Selected neuropeptide genes show genetic differentiation between Africans and non-Africans.

BACKGROUND: Publicly available genome data provides valuable information on the genetic variation patterns across different modern human populations. Neuropeptide genes are crucial to the nervous, immune, endocrine system, and physiological homeostasis as they play an essential role in communicating information in neuronal functions. It remains unclear how evolutionary forces, such as natural selection and random genetic drift, have affected neuropeptide genes among human populations. To date, there are over 100 known human neuropeptides from the over 1000 predicted peptides encoded in the genome. The purpose of this study is to analyze and explore the genetic variation in continental human populations across all known neuropeptide genes by examining highly differentiated SNPs between African and non-African populations. RESULTS: We identified a total of 644,225 SNPs in 131 neuropeptide genes in 6 worldwide population groups from a public database. Of these, 5163 SNPs that had ΔDAF |(African - non-African)| ≥ 0.20 were identified and fully annotated. A total of 20 outlier SNPs that included 19 missense SNPs with a moderate impact and one stop lost SNP with high impact, were identified in 16 neuropeptide genes. Our results indicate that an overall strong population differentiation was observed in the non-African populations that had a higher derived allele frequency for 15/20 of those SNPs. Highly differentiated SNPs in four genes were particularly striking: NPPA (rs5065) with high impact stop lost variant; CHGB (rs6085324, rs236150, rs236152, rs742710 and rs742711) with multiple moderate impact missense variants; IGF2 (rs10770125) and INS (rs3842753) with moderate impact missense variants that are in linkage disequilibrium.
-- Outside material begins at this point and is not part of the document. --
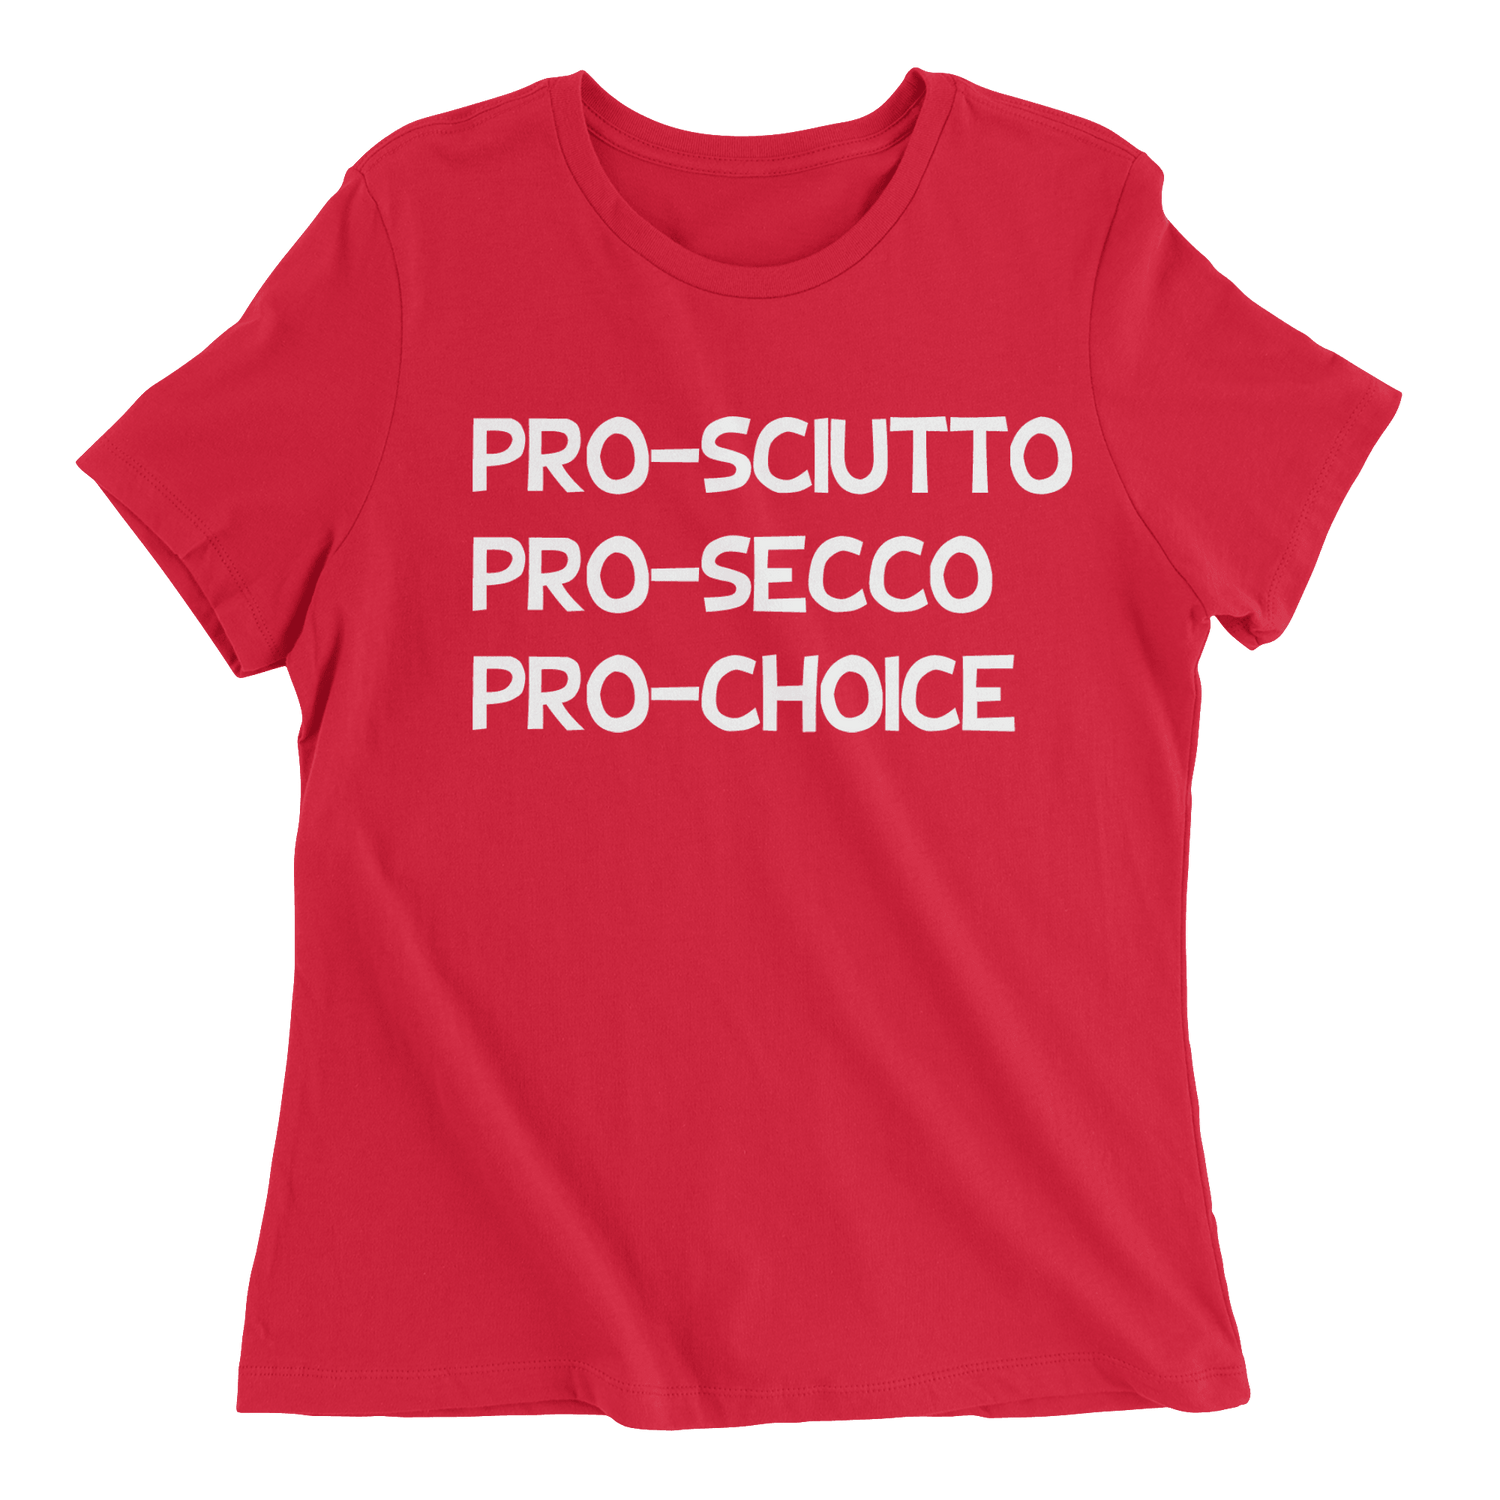 Pro-Sciutto, Pro-Secco, Pro-Choice - The T-Shirt Deli, Co.

Phenotype and disease associations of these differentiated SNPs indicated their association with hypertension and diabetes and highlighted the pleiotropic effects of these neuropeptides and their role in maintaining physiological homeostasis in humans. CONCLUSIONS: We compiled a list of 131 human neuropeptide genes from multiple databases and literature survey. We detect significant population differentiation in the derived allele frequencies of variants in several neuropeptide genes in African and non-African populations. The results highlights SNPs in these genes that may also contribute to population disparities in prevalence of diseases such as hypertension and diabetes.